С чем это связано? Трудно сказать. Наверное, если у тебя есть все блага мира и ты себе ни в чем не отказываешь, тебе достаточно легко думать только о вечном, удобном «сегодня». Так получилось и у США с ядерной энергией. А ведь когда-то они были первыми на этом пути.[66]66
  Dies infaustus – Несчастный день.


[Закрыть]


Сейчас человечество находится в такой же непростой ситуации. Нам досконально известно, что мы хотим получить в результате внедрения новых реакторов, в которых мы сможем «жечь» тяжелый изотоп урана 238U, превращая его в столь нужный нам плутоний, и как нам запустить еще более сложный ториевый топливный цикл. Мы вплотную подошли к термоядерной энергии и уже просто ждем, на какой из конструкций термоядерных реакторов впервые «выстрелит» термоядерный синтез, у которого EROI будет хотя бы больше 4:1. Если кто не знал до сего момента интересный факт, то термоядерный реактор ITER, который планируют пустить в 2020 году, предлагают вывести на EROI 10:1. А чистый выход энергии, с EROI больше 1:1, был получен еще в 2007 году на российско-китайском токамаке EAST. Тогда получилось снять с термоядерного тора 1,25 единиц энергии на каждую вложенную.

Возможно, в мире будущего будет много и какой-нибудь «абсолютно зеленой» энергии, вырабатываемой такими проектами, как Пенжинская ПЭС, солнечные батареи и ветряки.


Рис. 81. Потенциал одной Пенжинской ПЭС – 100 гигаватт.

Проблема для нас в другом – по многим вопросам фактической реализации таких мегасложных и сверхмасштабных проектов мы еще очень слабо представляем все шаги во всей многоступенчатой цепочке последовательной реализации этих проектов.

Скорее всего, в конце этого пути, когда замкнутый ядерный цикл, термоядерный реактор или приливная станция в Охотском море с потенциалом в половину электроэнергетики всей России заработают на полную мощность, мы удивленно скажем: «Черт, но ведь все же просто было в самом начале! Надо было пойти сюда, вот тут сделать так, а тут…».

Но это будет уже потом, постфактум. В тот момент, когда можно критиковать исследователей и первопроходцев и говорить: «На их месте мы бы – ого-го!».

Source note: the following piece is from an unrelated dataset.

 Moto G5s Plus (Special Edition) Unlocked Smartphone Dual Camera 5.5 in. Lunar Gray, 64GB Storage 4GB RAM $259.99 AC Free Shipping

По факту же это «ого-го» всегда получается отнюдь не сразу и совсем не так очевидно. Ведь это – самое начало упомянутой нами S-кривой, время поиска и время самых больших ошибок. И только от людей, стоящих в начале этого пути, зависит, будут ли идти они до конца, или бросят проект, достигнув только необходимых лично им, обычно – весьма скромных результатов, а в конце жизни напишут помпезные мемуары в стиле «Как это было круто».

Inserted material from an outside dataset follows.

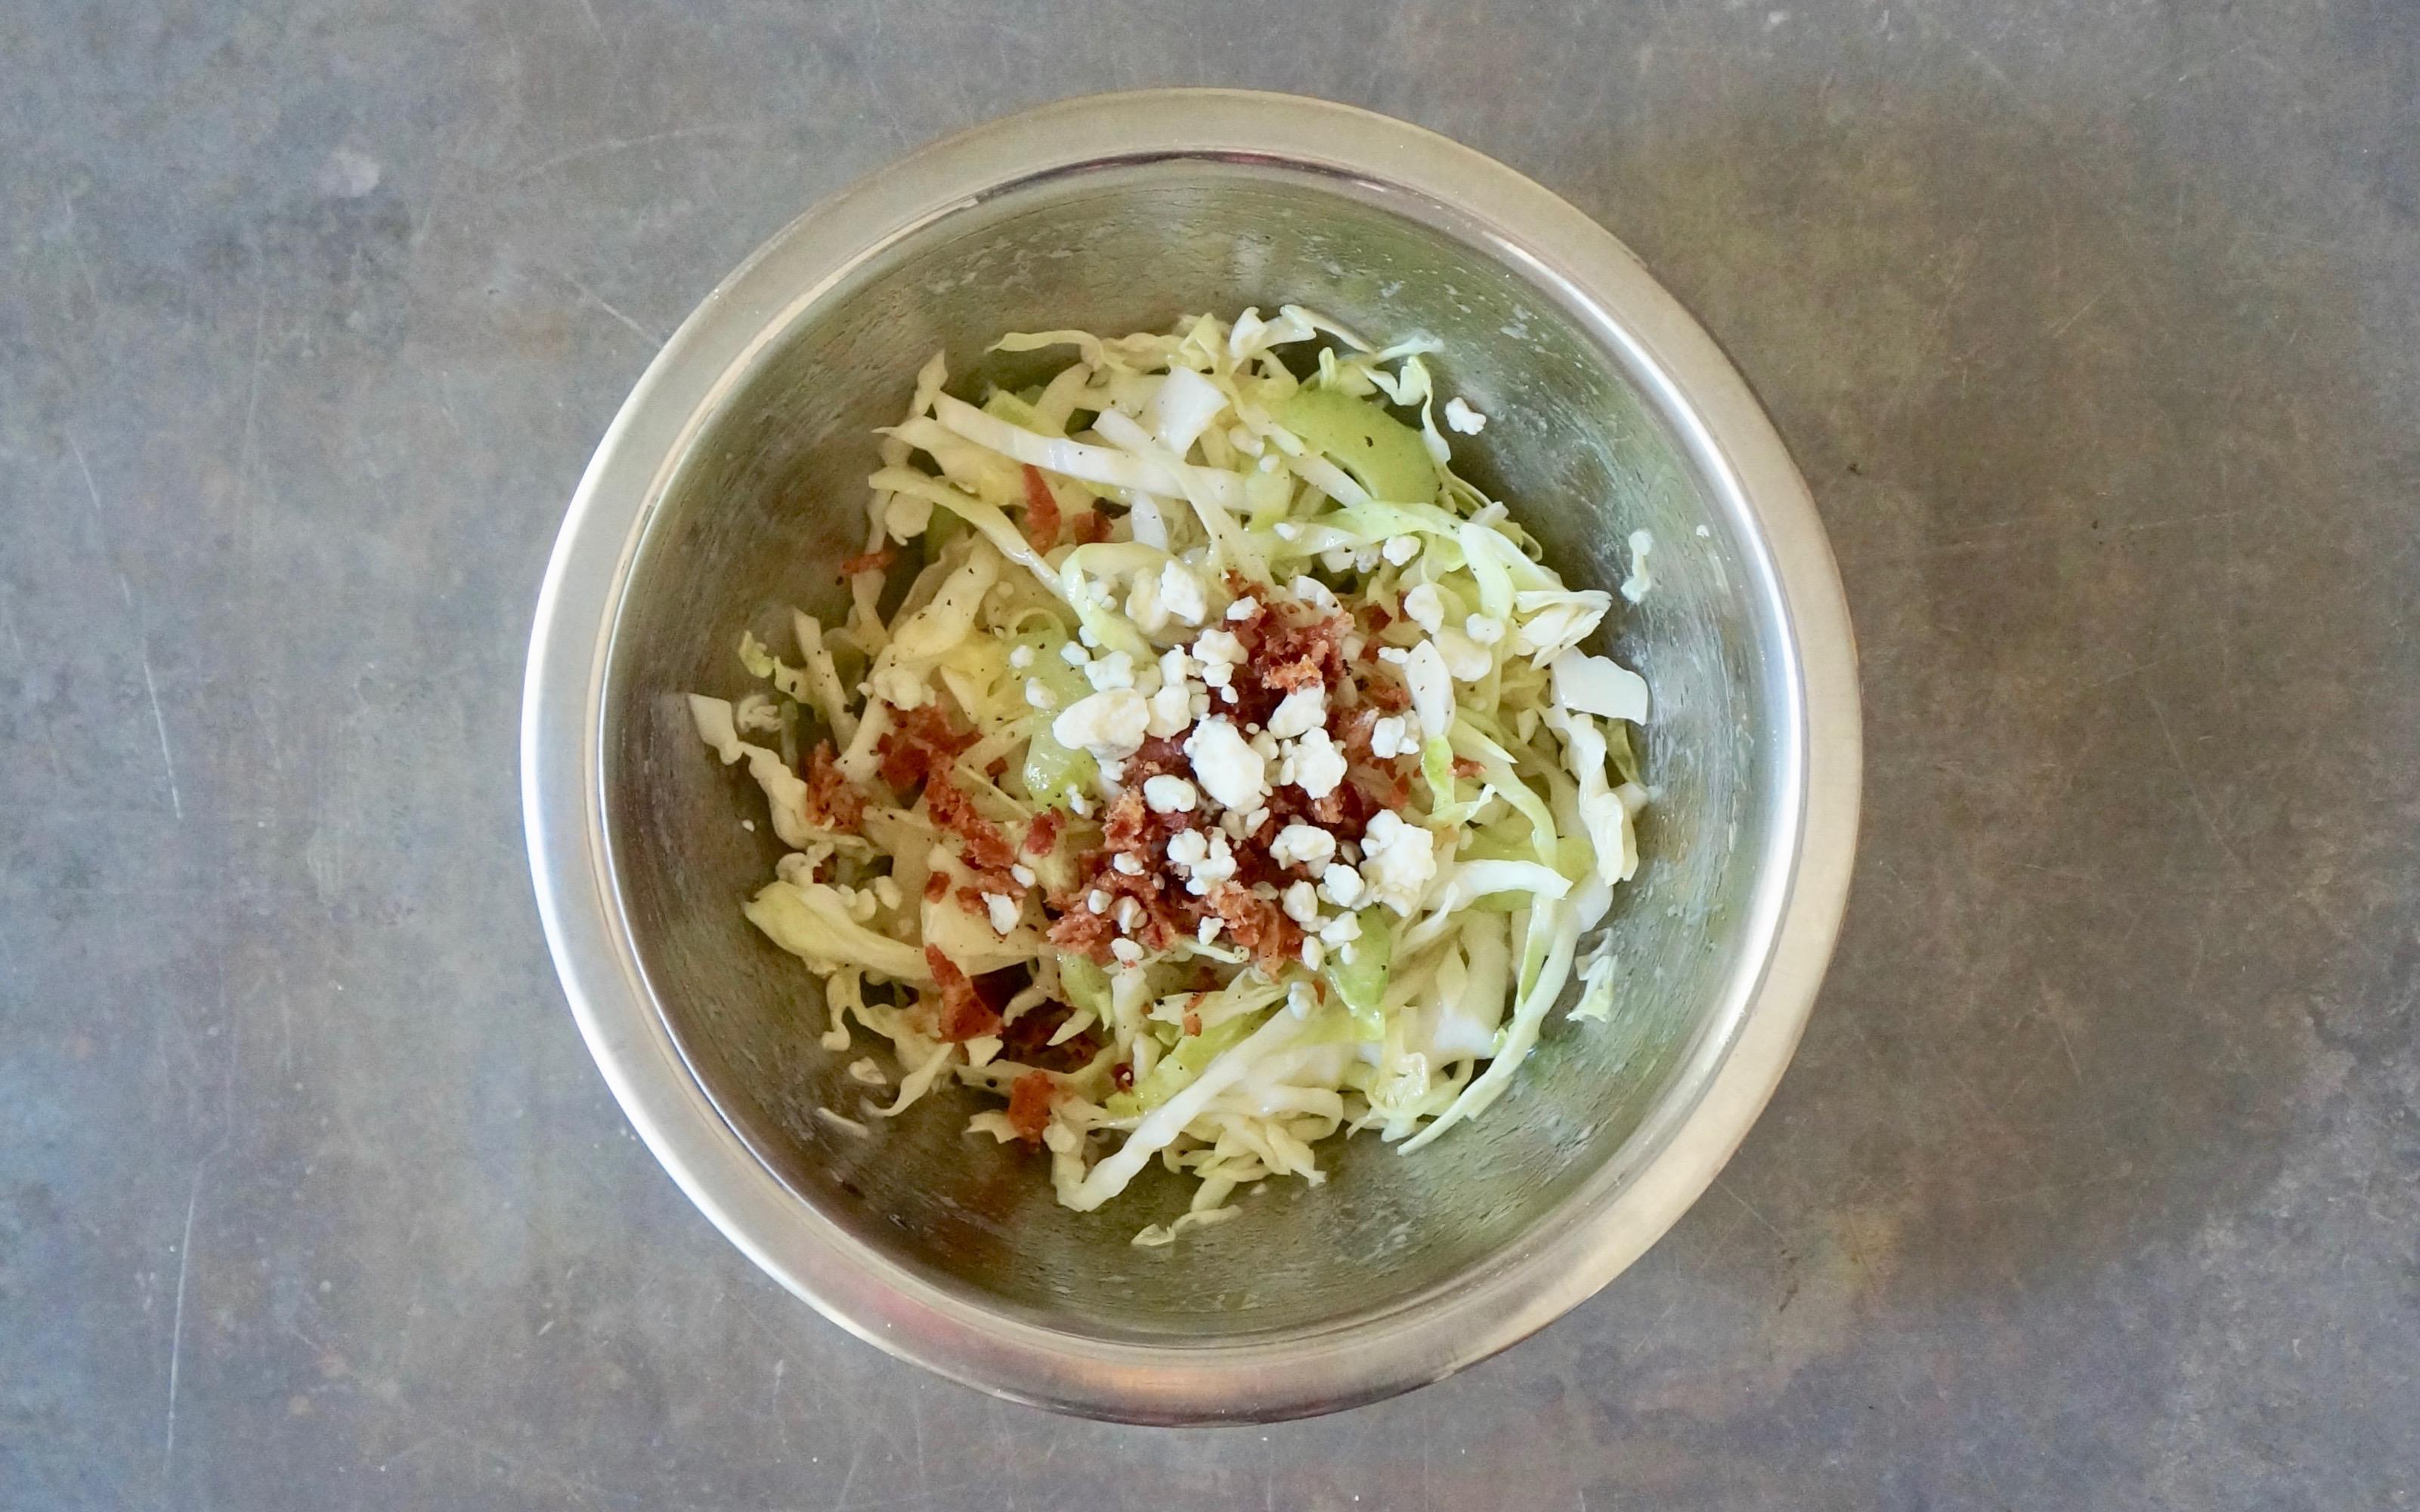 Bacon-Blue-Cheese-Slaw-Rebecca-Gordon-Publisher-Buttermilk-Lipstick-Culinary-Entertaining-Techniques-RebeccaGordon-Birmingham-Alabama

И поэтому у меня есть две истории для вас. Истории про первый советский реактор и про первую американскую бомбу.

Рассказывая о первом промышленном ядерном реакторе, я постараюсь избавить вас от множества технических деталей. Пусть в рамках этой книги реактор будет неким «черным ящиком», который вам надо построить у себя на территории, чтобы обеспечить производство энергии на всякие различные нужды своей экономики.


Рис. 82. Модель ядерного реактора. Масштаб 1:10 000.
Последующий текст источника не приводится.